此时浪头飞花玉碎,水滴径直扑上窗玻璃。一张凶神恶煞般的面孔突然出现在丹尼斯他们眼前。H.M.显然是听到了鞋子磨蹭地板或者别的什么动静,遂搞了个突然袭击,那颗秃瓢像木偶一样直挺挺伸过来,两束目光牢牢钳住两个窃听者。
“喔呵!”他冷冰冰地招呼。
“嗯,爵士?”
“你们俩一直在偷听我们侃大山咯?”
“不错,”丹尼斯答道,“但收获不多。”
“过来吧,”H.M.说。
二人随H.M.近前,马斯特司探长神色凝重,坐在藤椅里,膝盖上摊着他的笔记簿。他简单地朝二人点头致意,继而又埋头疾书。H.M.扫了丹尼斯他们一眼,两手叉腰。

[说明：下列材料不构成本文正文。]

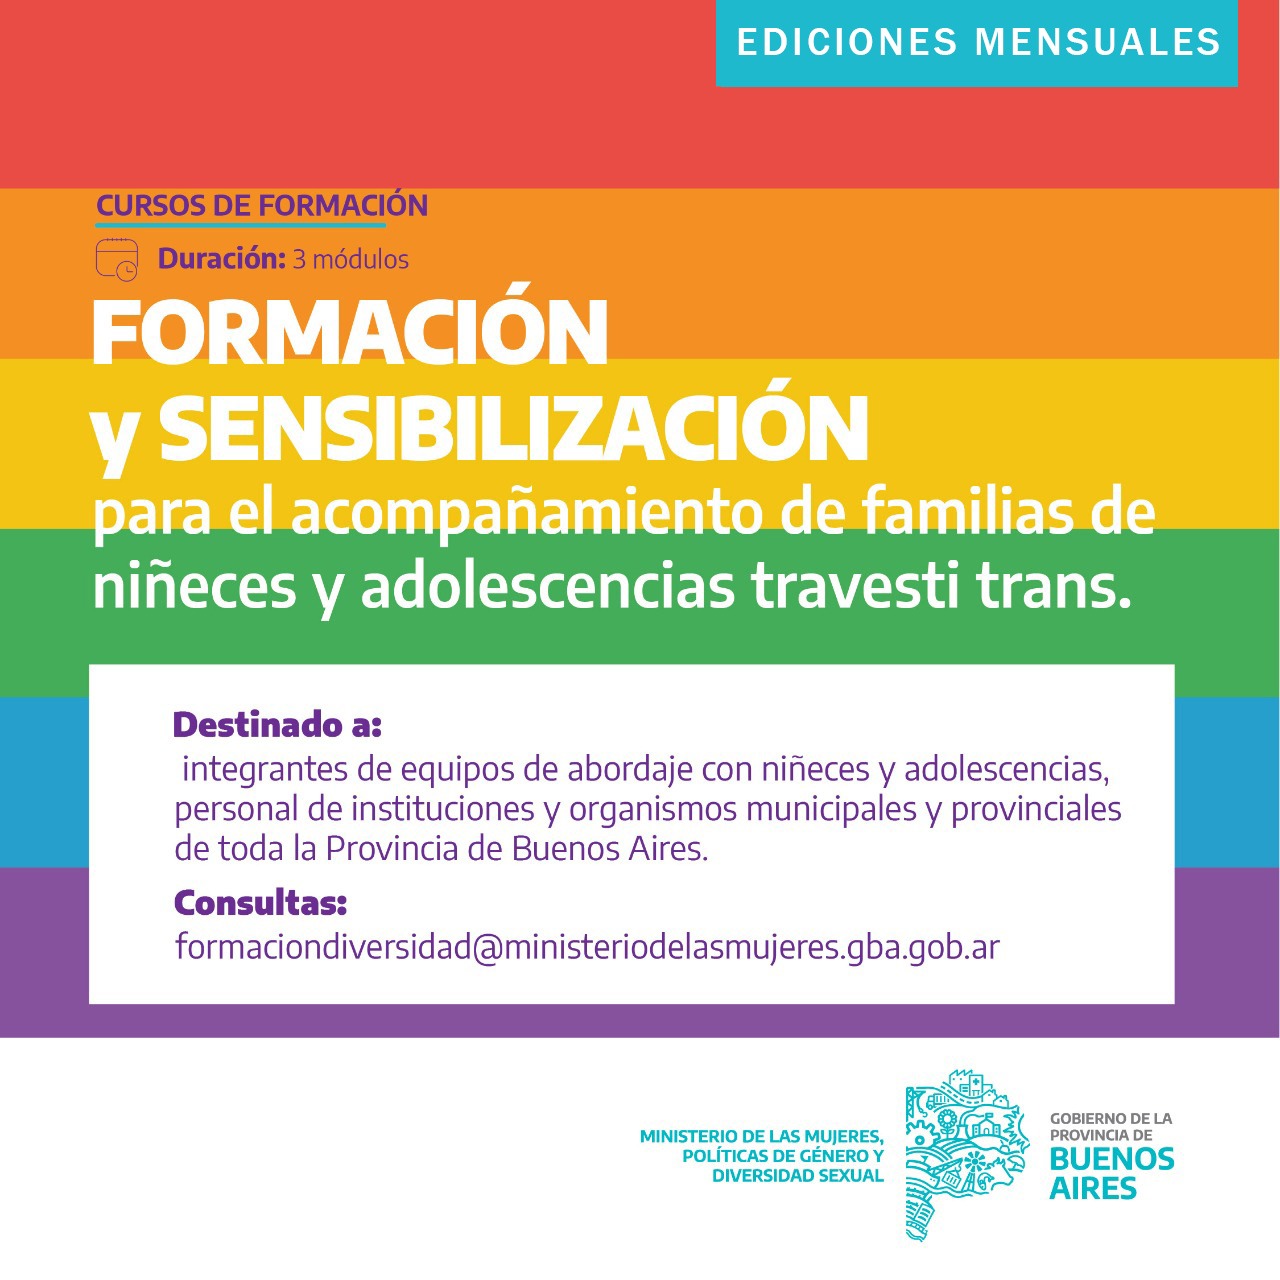 Formación y sensibilización para el acompañamiento de familias de niñeces y adolescencias travesti trans
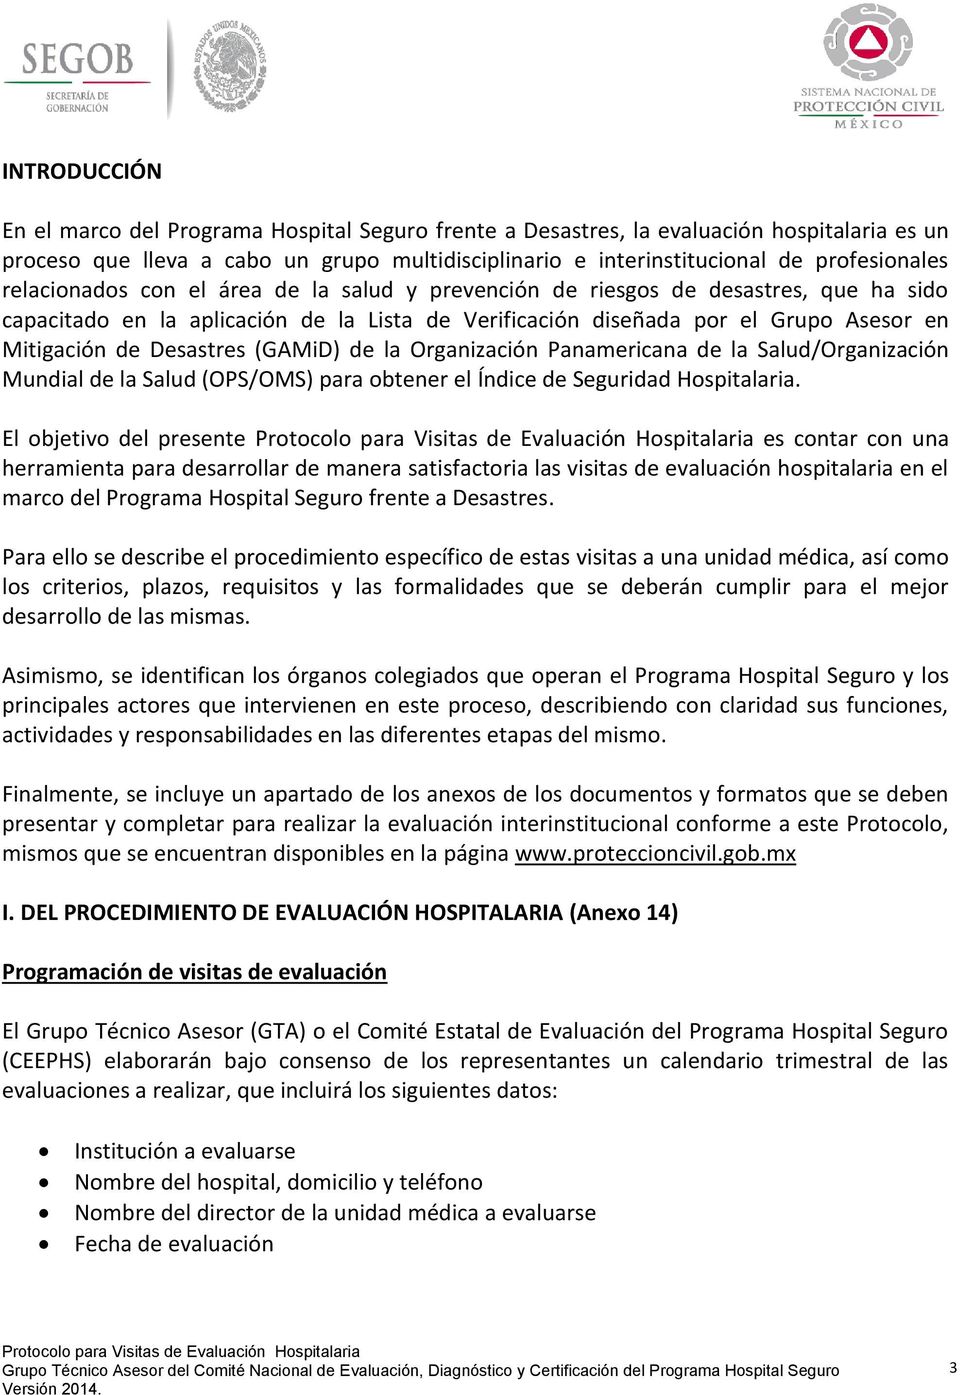 (GAMiD) de la Organización Panamericana de la Salud/Organización Mundial de la Salud (OPS/OMS) para obtener el Índice de Seguridad Hospitalaria.

“如果您什么也不想透露给我们的话,”丹尼斯绝望地说,“那就别说好了。但您可能有兴趣知道一下,达芙妮已经和布魯斯私奔了。”
“嗯哼,我知道。”H.M.板着脸。
“还有,”贝莉尔喊道,“昨晚有人潜入旅馆,将布鲁斯的房间捣了个稀巴烂。”
“这我也知道了。”H.M.回答。
“重要的是,”贝莉尔还在坚持,“如果您希望用那剧本的几页原稿来证明些什么的话——唔,已经办不到了。它们不见踪影,被人偷走了。”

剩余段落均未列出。